А первое, что я увидел, когда глаза вернулись на место, – это Курилку и Жопу.

Приятно, конечно, встретить в новом месте кого-нибудь из старых знакомых. Но меня чуть не вытошнило в тысячу первый раз. Они стояли неподалеку – безмолвно, руки по швам, и лица их были пусты, как насухо вылизанные тарелки. И ладно бы они стояли вдвоем – к их подлым рожам я как-никак притерпелся. Нет, таких, как они – пустолицых, с выпущенным жизненным паром – в этом сумрачном месте, похоже, было немало.

Они стояли рядами – за рядом ряд уходили в темную бесконечность плечи, плечи, над плечами – головы, головы, все повернуты в одну сторону, у всех на лицах полуулыбка-полуоскал идиотов.

Сам я находился в нешироком проходе, единственный живой человек среди восковых истуканов. Могильная тишина давила. Сделав шаг по проходу, я вздрогнул от грома в ушах. «Дурак, – сказал я себе, – как же ты будешь отсюда выбираться, ведь их здесь миллионы. Попробуй, догадайся, которого из них выбросят в мир людей и когда это будет. Вляпался со своей отвагой».

Я пошел вдоль рядов навстречу кукольным лицам. В воздухе надо мной висела белесая пыль, она плавно раскачивалась, в ней было заметно движение. В некоторых местах пыль скапливалась в облака, в других ее почти не было, и тогда, напрягая глаза, я различал какие-то ребра, а, может быть, потолочные балки, словно я попал не то во чрево китово, не то на большой чердак. Постепенно я успокаивался. Человек ко всему привыкает. Я даже начал насвистывать и строить фантомам рожи. Потом перестал – мысль о бессмысленности ходьбы и бесконечности лежащей передо мной дороги угнетала меня все больше. Но не стоять же на месте! Раз есть дорога, значит надо по ней идти. Закон движения придуман не мной, к чему мне ему перечить. Правда, может, следовало двигаться в другом направлении – в сторону их взгляда. Но поворачивать было поздно, я шагал в эту сторону не меньше часа.

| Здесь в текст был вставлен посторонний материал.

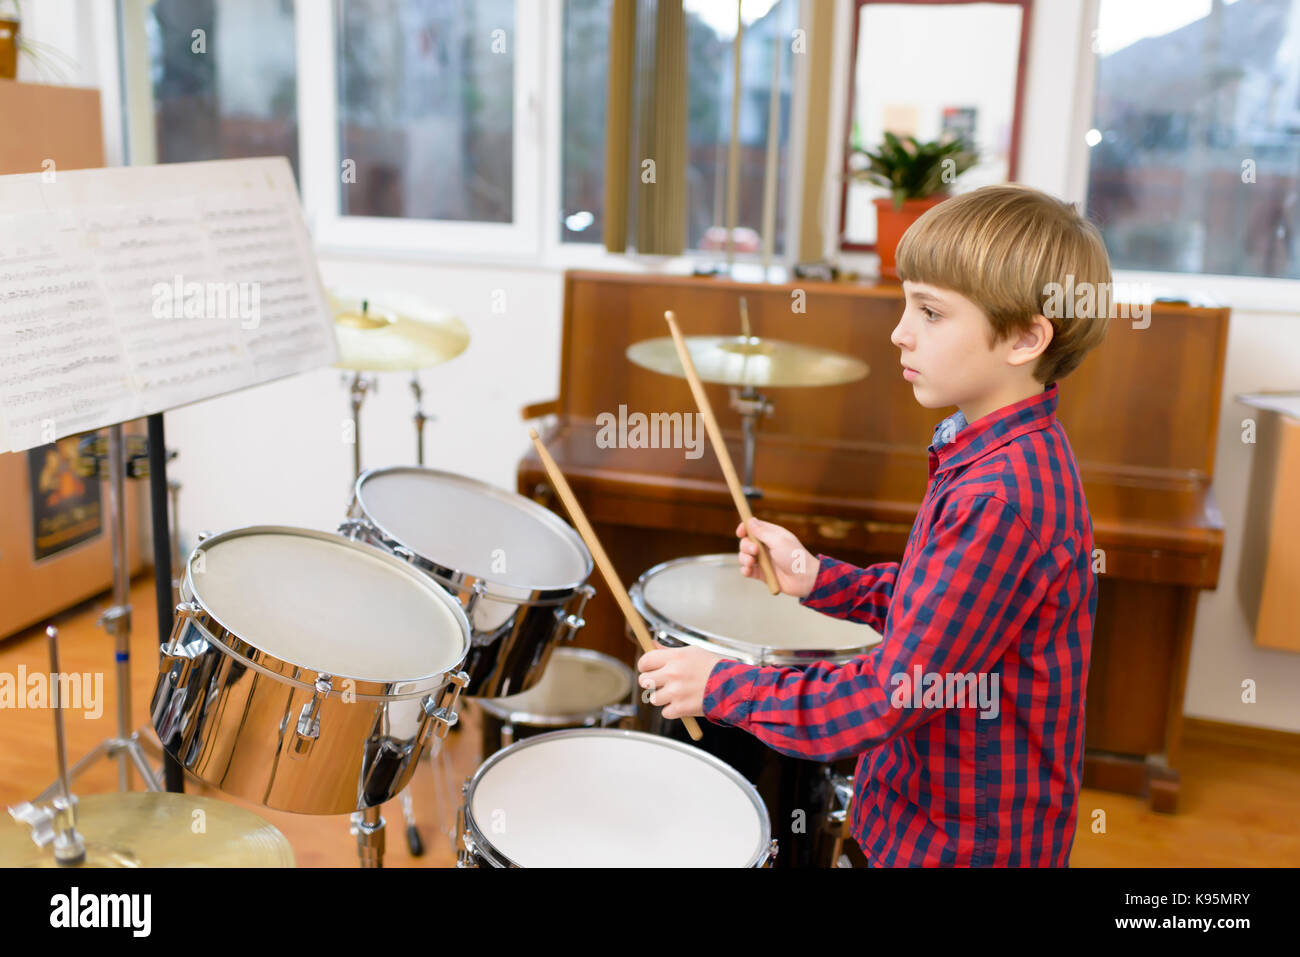 White Room Drums Rock School

Ряды фигур не кончались. Время от времени в воздухе раздавался негромкий пердящий звук, и там, откуда он шел, пыль закручивалась в маленький смерч и в смерче появлялась фигура. Почти тотчас же следом появлялась и пара. Они то падали вниз, чтобы занять положенное человекоместо, то пропадали в тумане, когда парников оживляли для отправки по месту вызова. Несколько раз пылевые столбы с фантомами появлялись вблизи меня, и я даже мог успеть добежать, но что-то меня удерживало. Не страх. Ожидание чего-то, чего я выразить словами не мог, предчувствие приближения к разгадке, от которой, может быть, зависела жизнь, может быть, наши судьбы (моя и беглянки).

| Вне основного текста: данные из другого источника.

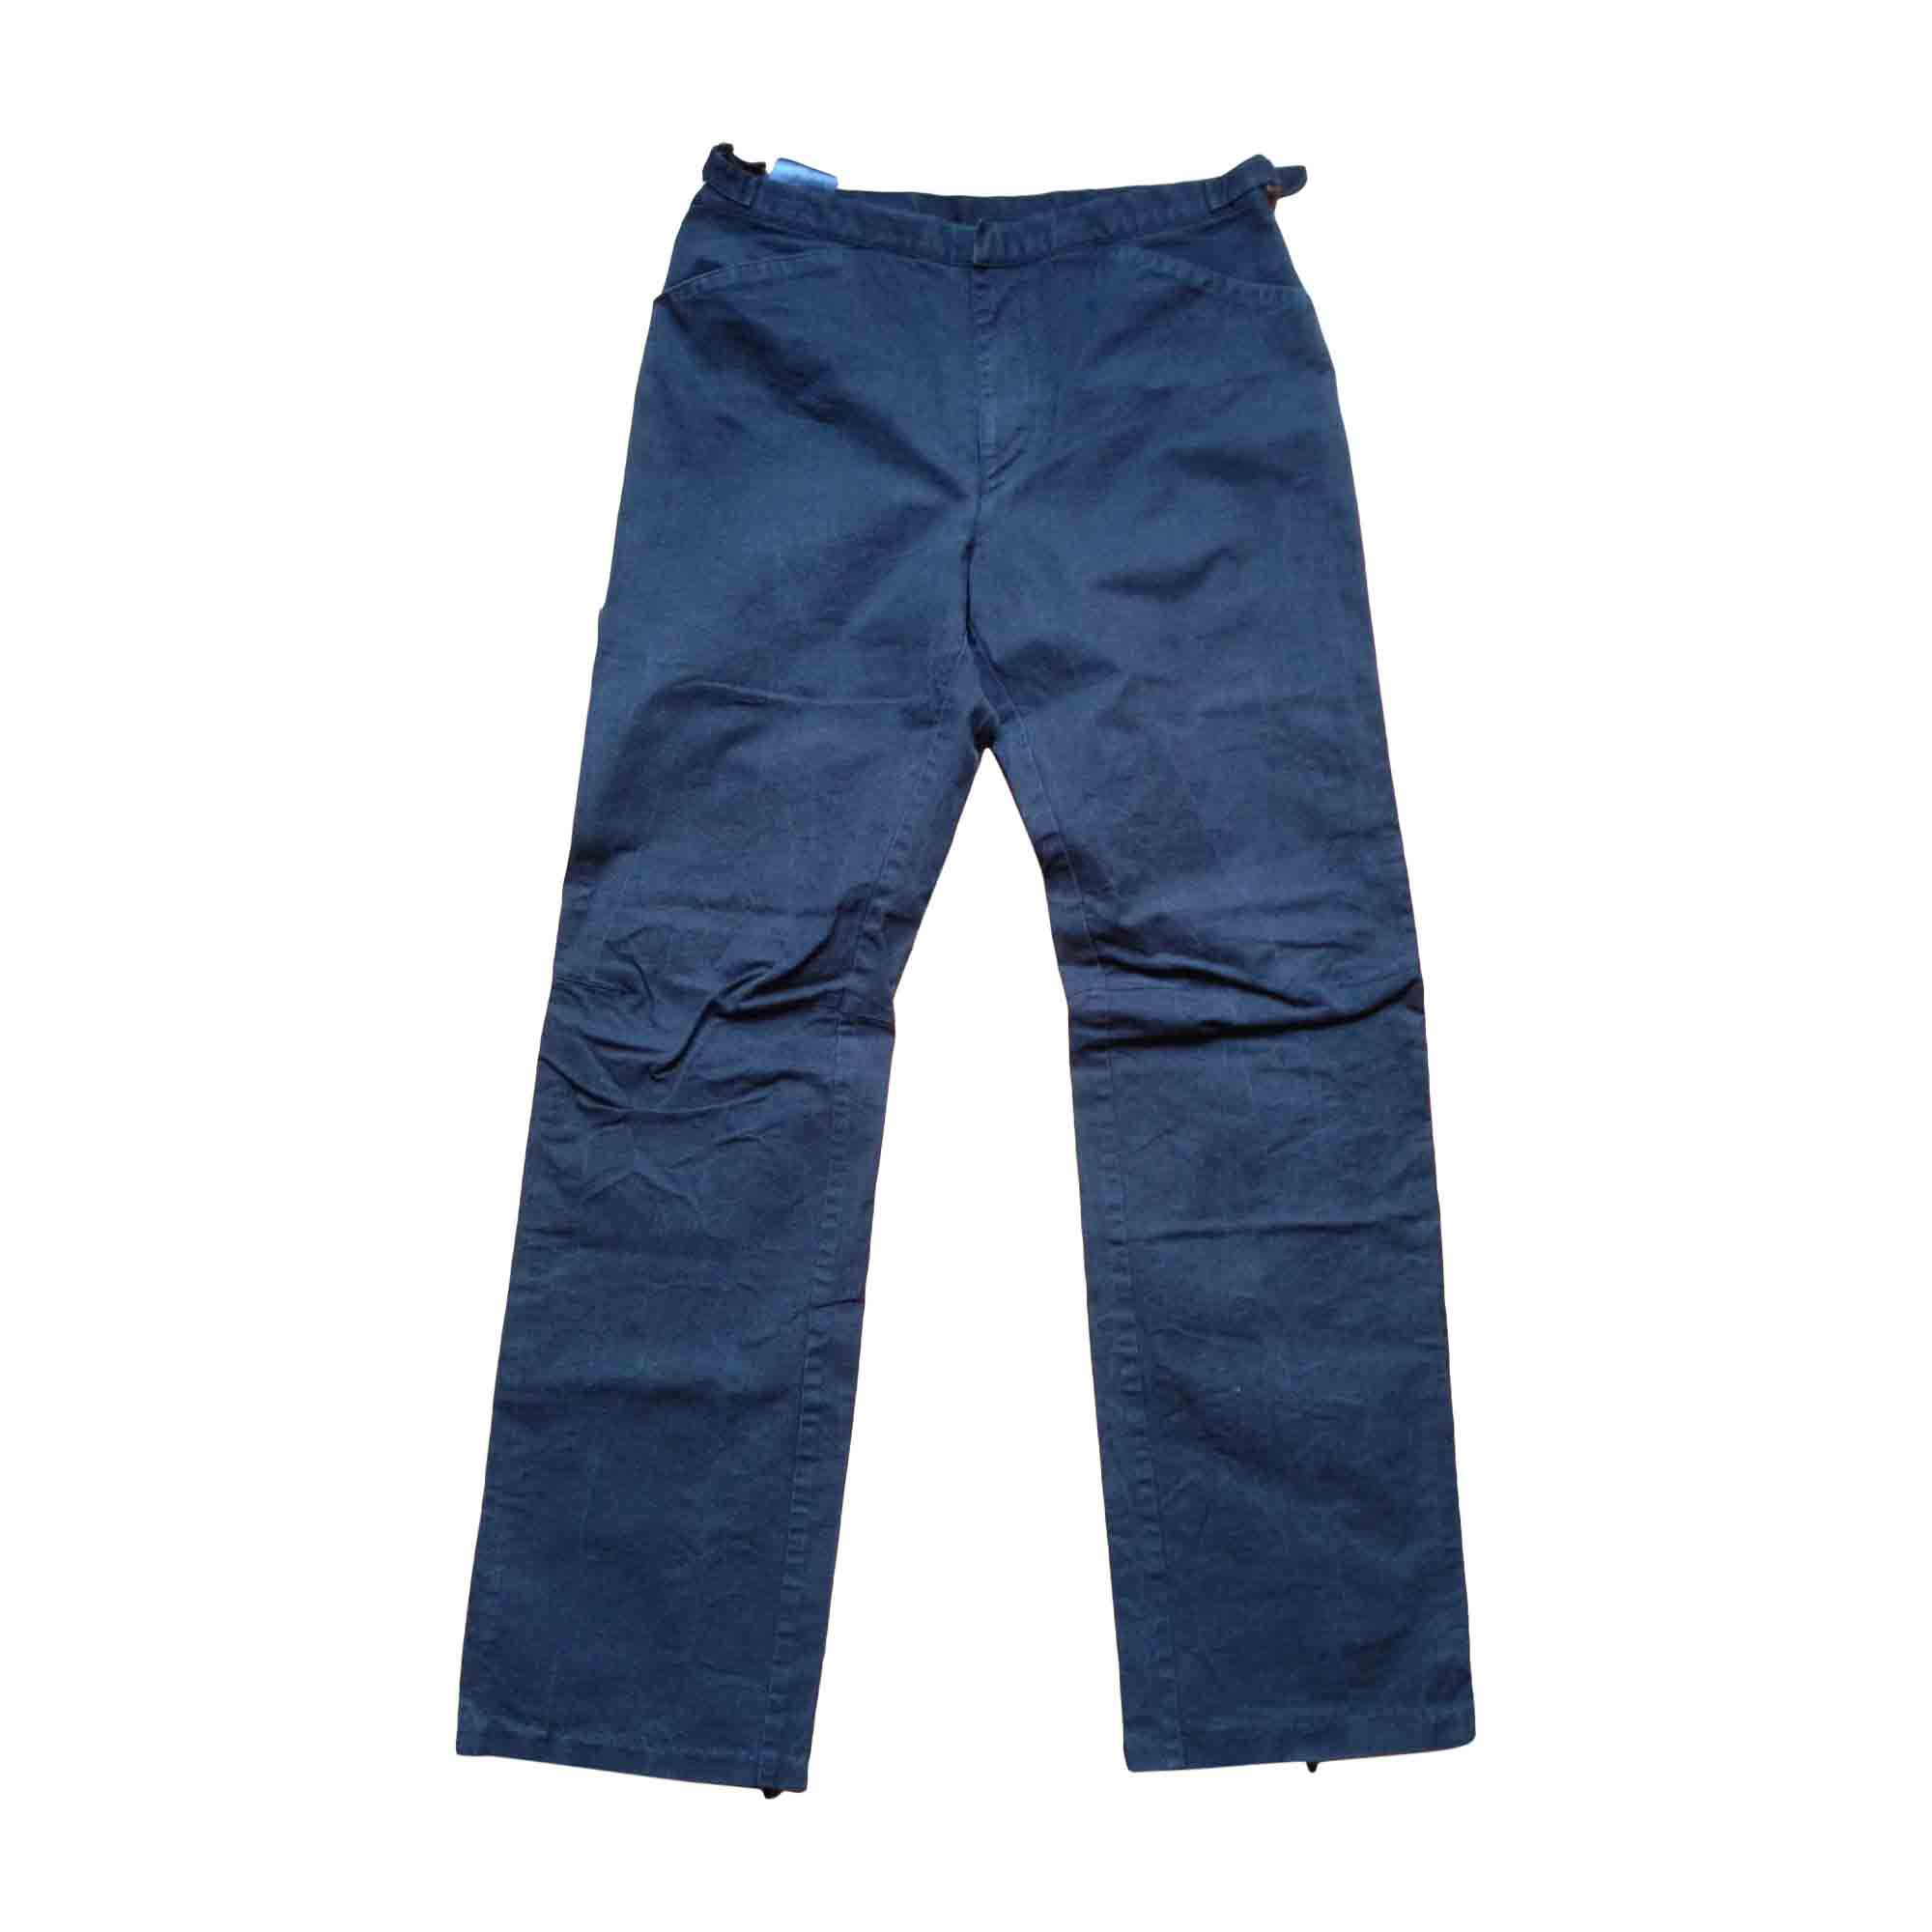 Pantalon droit BURBERRY Bleu, bleu marine, bleu turquoise

Однообразные позы стойких оловянных солдатиков, выстроившихся по линиям в ряд, напомнили мне давнее детское развлечение. Если костяшки домино выставить в одну длинную очередь и крайнюю легонько толкнуть, все они повалятся с замечательным стрекотом, словно заработала бабушкина машинка «Зингер» или стрекозиное войско выступило в поход на врага.

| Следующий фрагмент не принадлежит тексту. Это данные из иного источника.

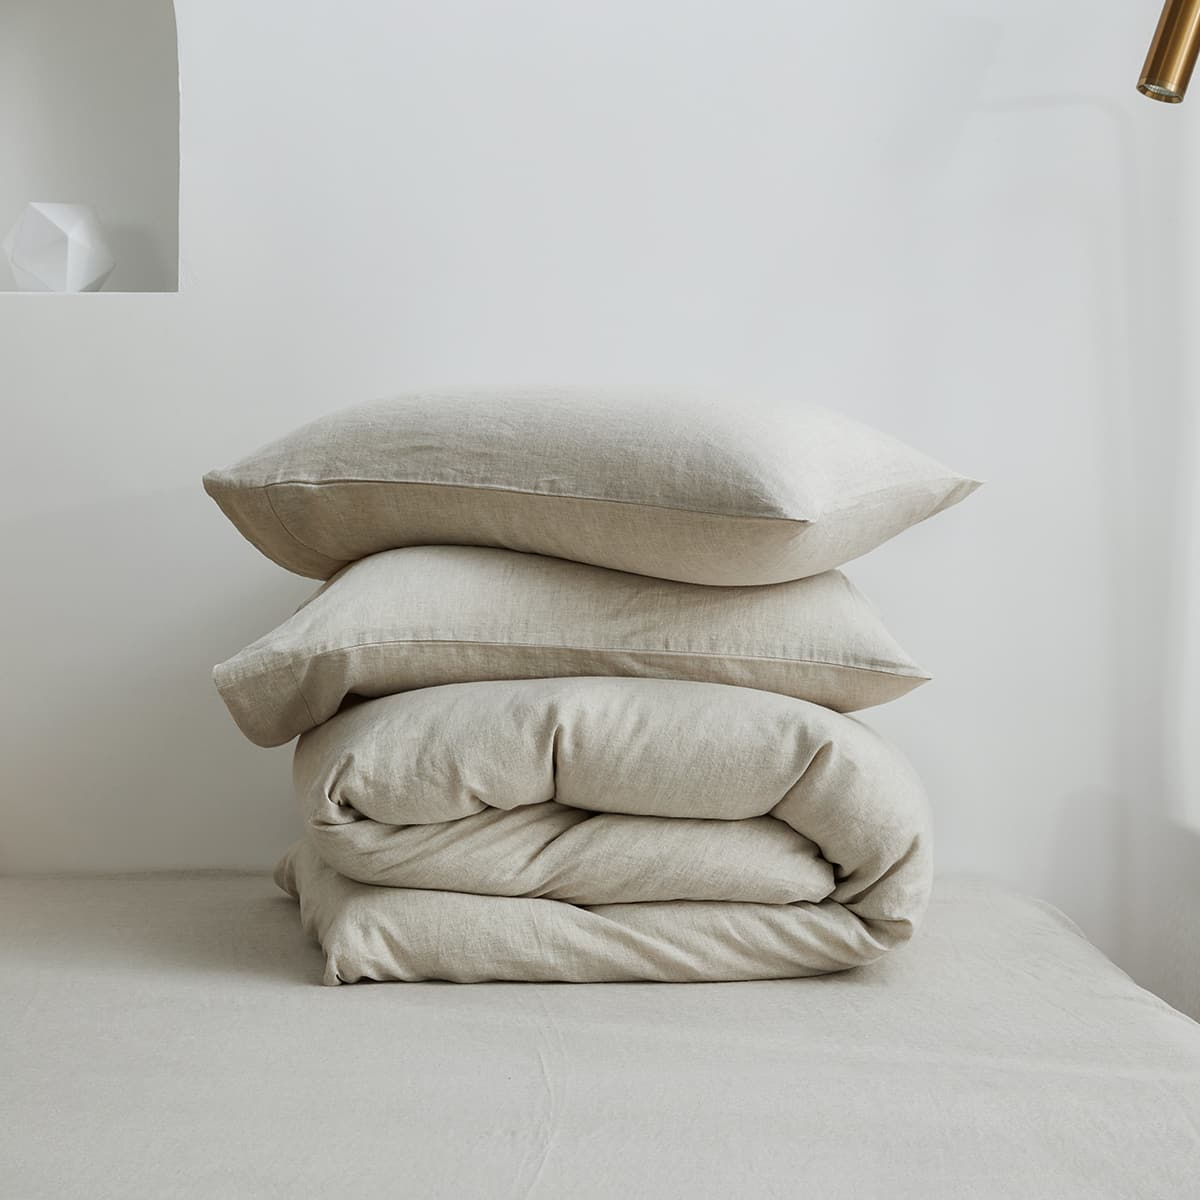 Home - Luxury Bed Linen OEM Manufacturer 2

Попробовать? Подойдя к ближайшему пáрнику – это был щекастый субъект, похожий на князя Меньшикова, – я тронул его за плечо. Тот тронуть дал. Тогда я его как бы случайно качнул. Он подался. Я качнул сильнее, готовый в любой момент отпрыгнуть в сторону и бежать. Очень уж все это напоминало сцену свержения кумиров. Пáрник был тяжелый, как каменная половецкая баба. Он падал медленно, нехотя. Большой желтокожий кулак, прижатый к серой штанине, смотрел на меня с угрозой: «Ужо тебе, Галиматов!»